• [Activity] Without including any images, please transcribe all the lines below exactly.

• [Data below]
== Segment start ==

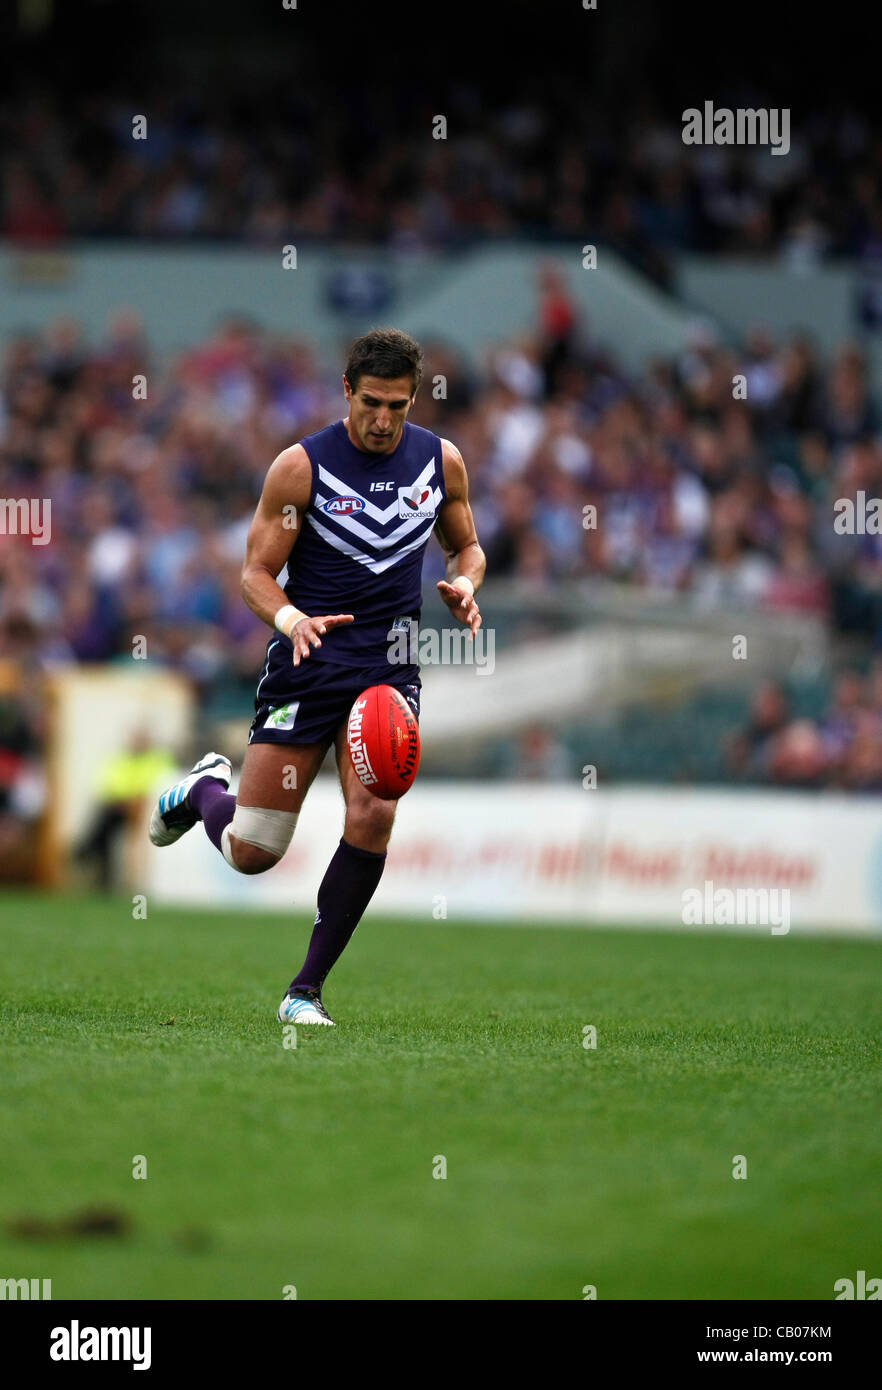 13.05.2012 Subiaco, Australia. Fremantle v Port Adelaide. Matthew Pavlich goes for a run with the ball during the Round 7 game played at Patersons Stadium. Stock Photo
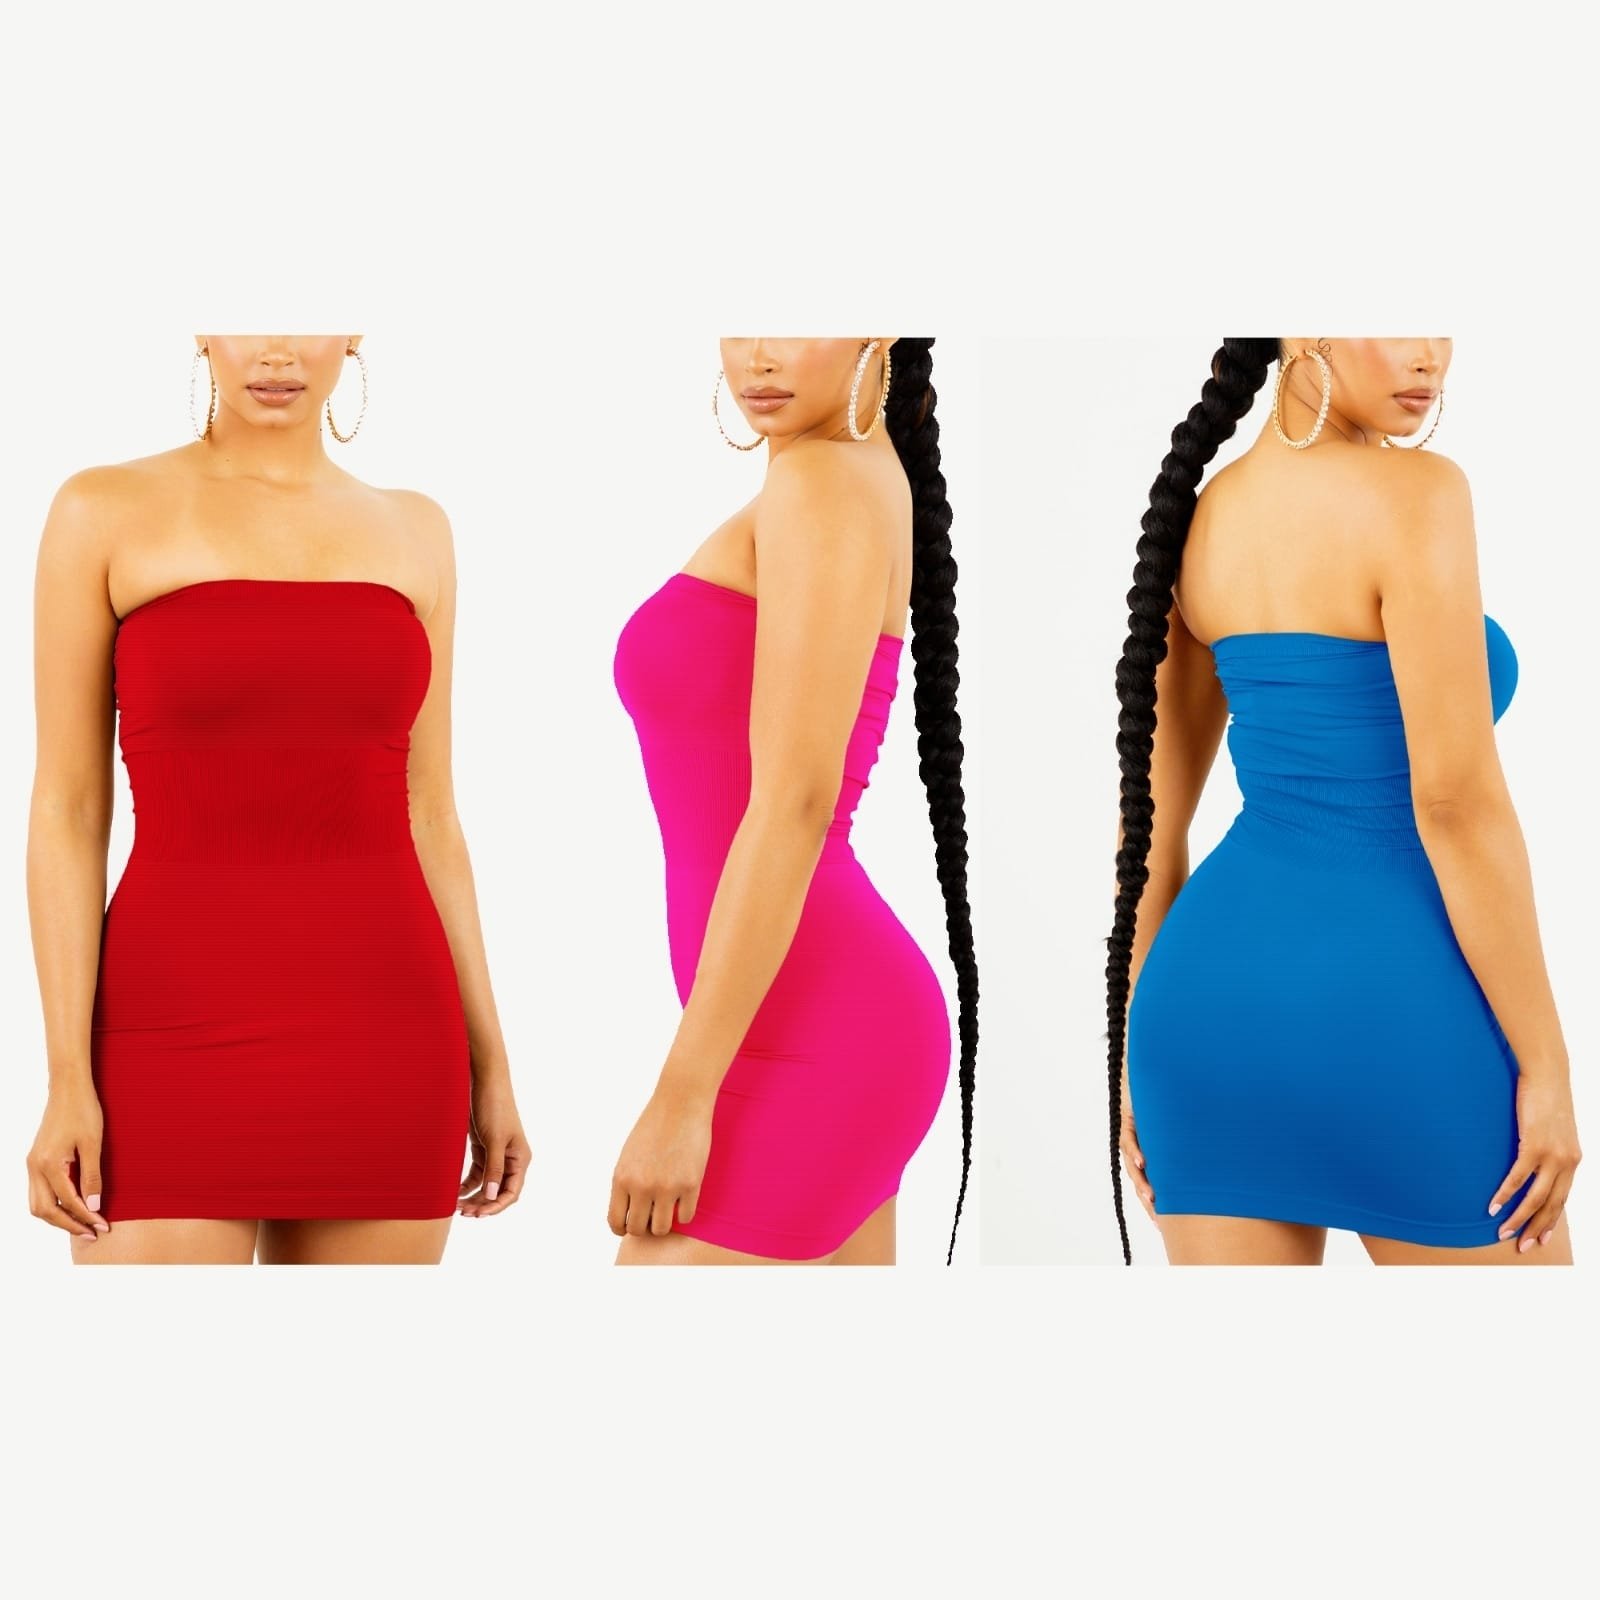 3-Pack Women's Strapless Stretchy Seamless Tight Fit Body Con Mini Tube Top Dress - BLUE, XL
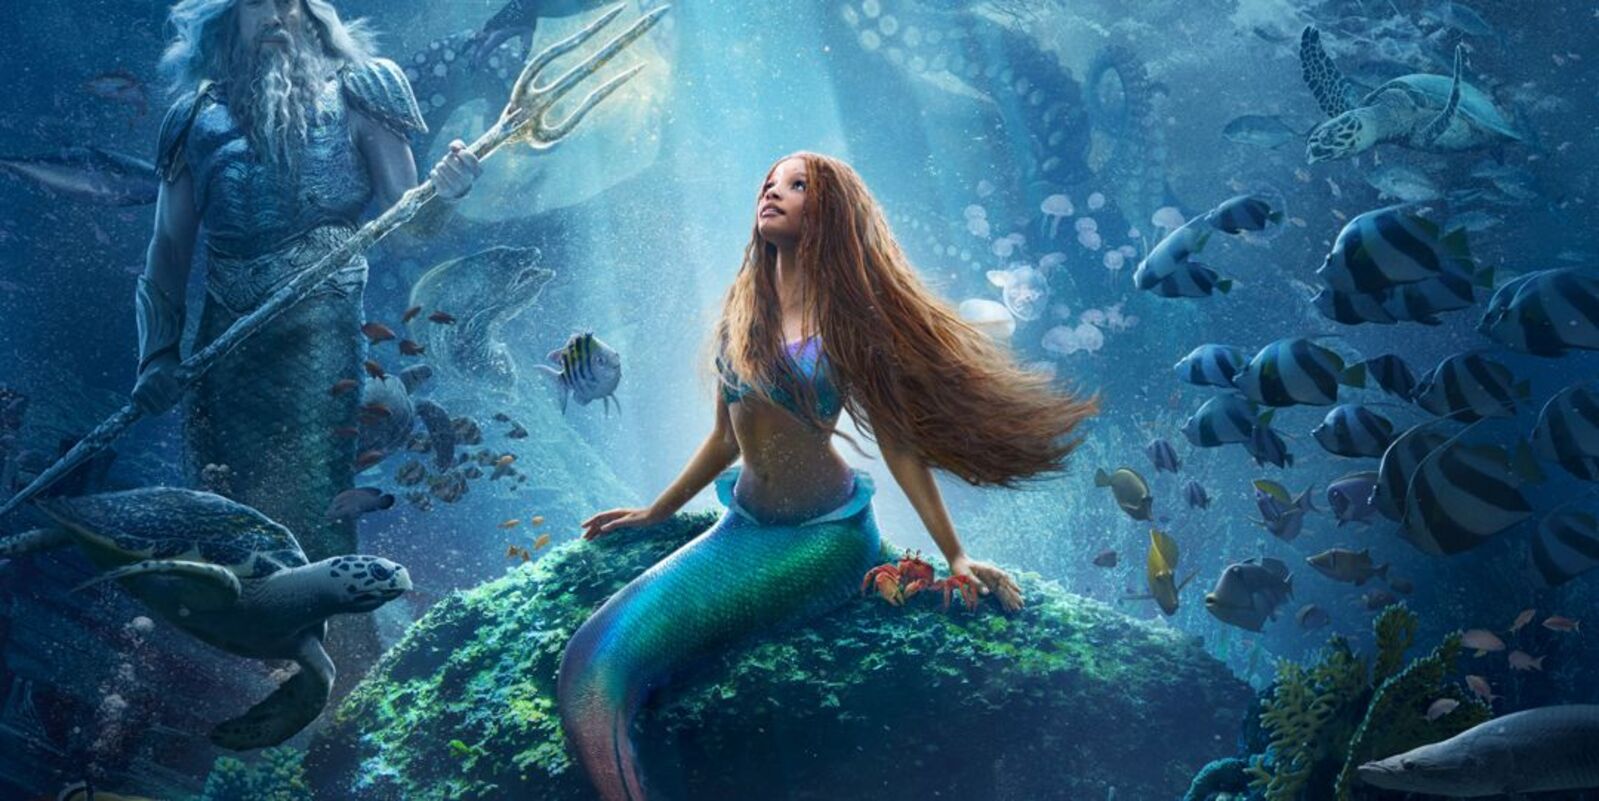 The Little Mermaid, here you are Ariel and her sisters in the new photos from the live-action Disney
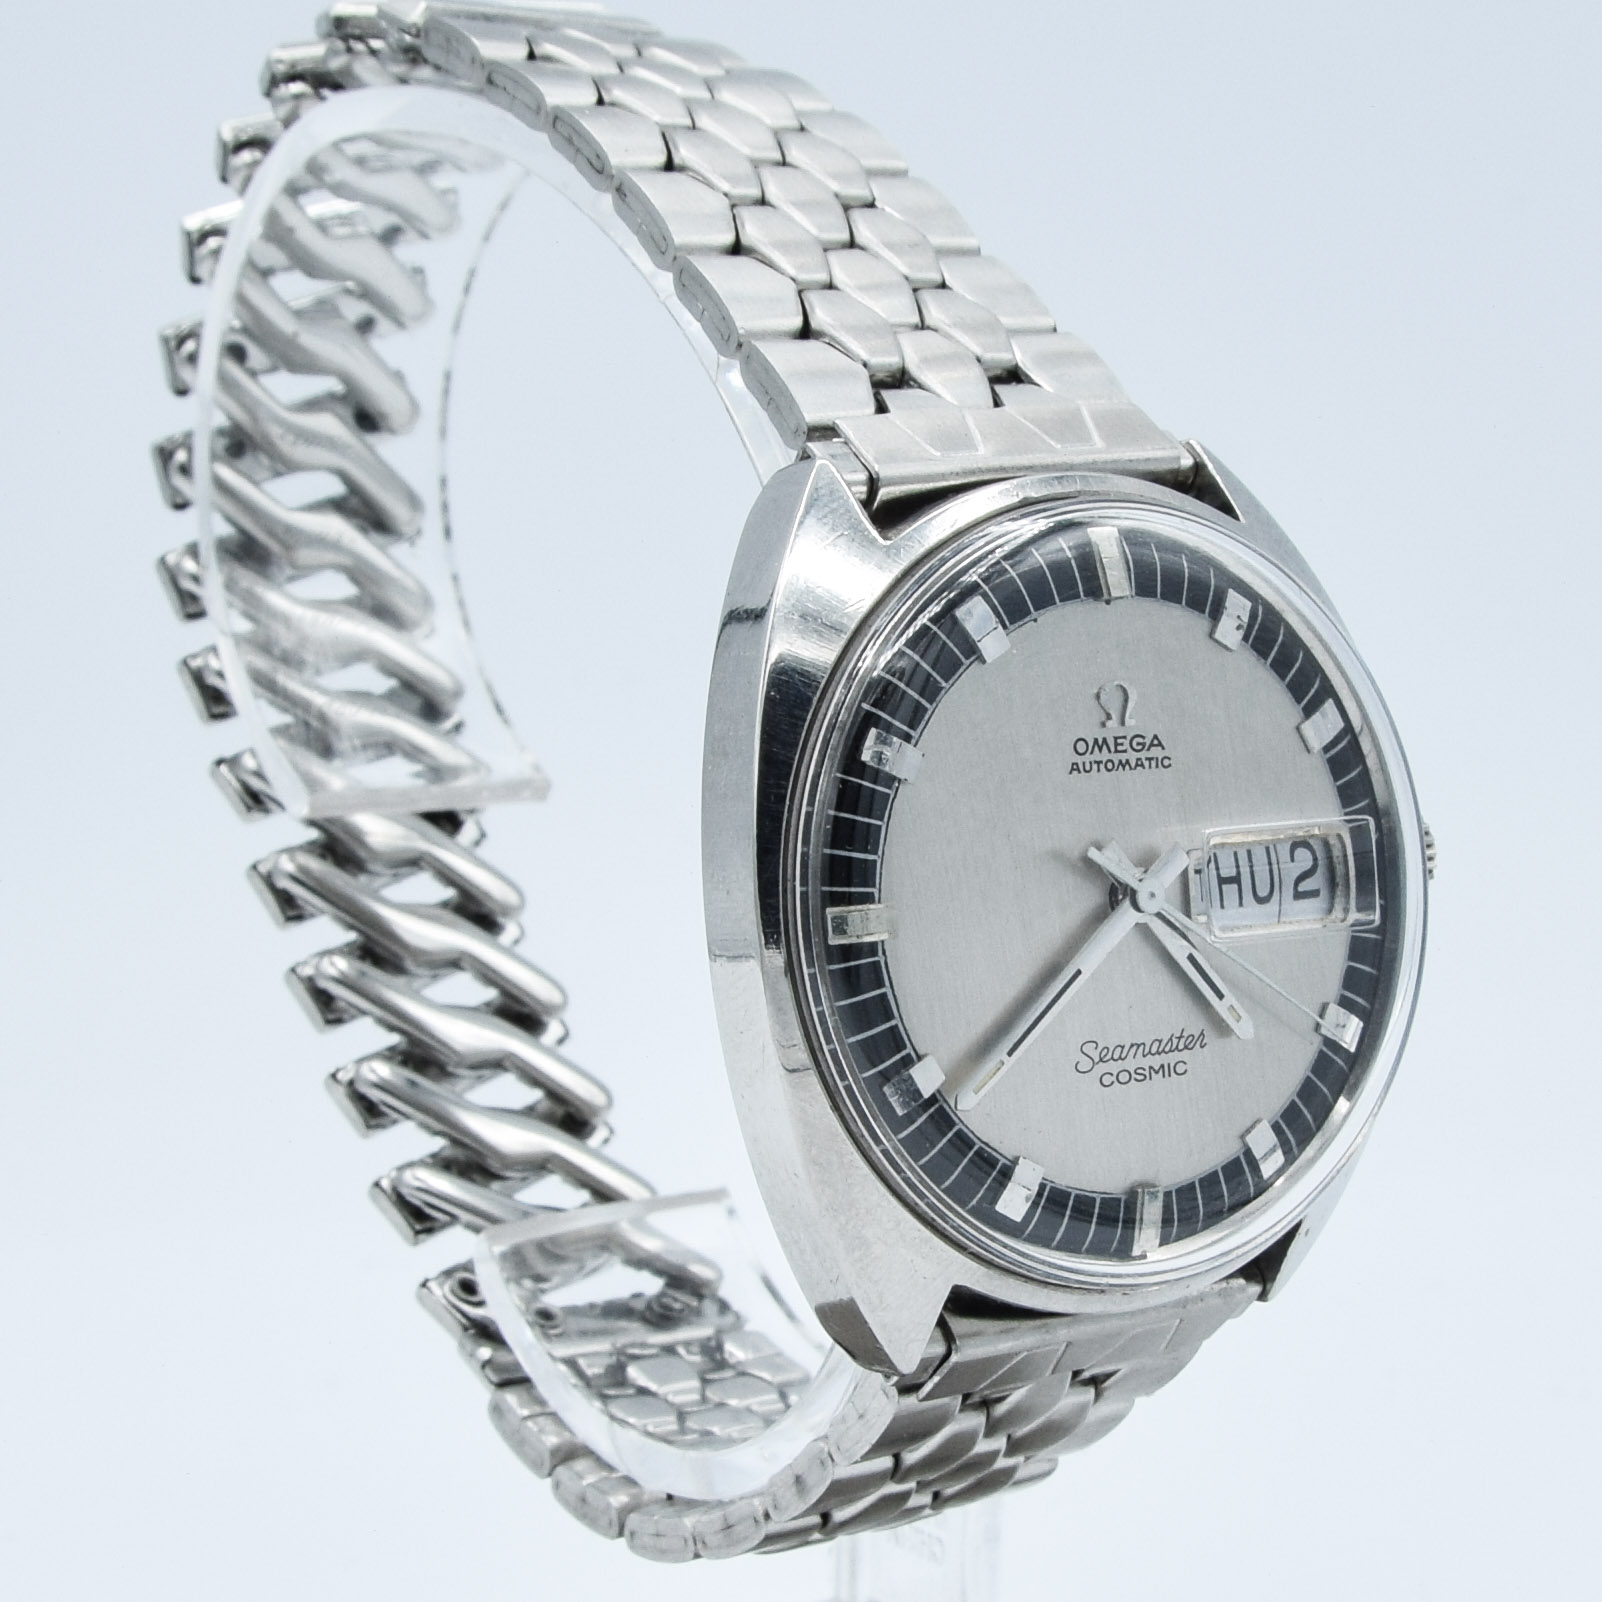 OMEGA SEAMASTER COSMIC DAY DATE AUTOMATIC IN STAINLESS STEEL CASE ON UNUSUAL BRACELET DATED 1969. - Image 2 of 9

== Segment end ==

• [Result for this task]
 13.05.2012 Subiaco, Australia. Fremantle v Port Adelaide. Matthew Pavlich goes for a run with the ball during the Round 7 game played at Patersons Stadium. Stock Photo
 3-Pack Women's Strapless Stretchy Seamless Tight Fit Body Con Mini Tube Top Dress - BLUE, XL
 The Little Mermaid, here you are Ariel and her sisters in the new photos from the live-action Disney
 OMEGA SEAMASTER COSMIC DAY DATE AUTOMATIC IN STAINLESS STEEL CASE ON UNUSUAL BRACELET DATED 1969. - Image 2 of 9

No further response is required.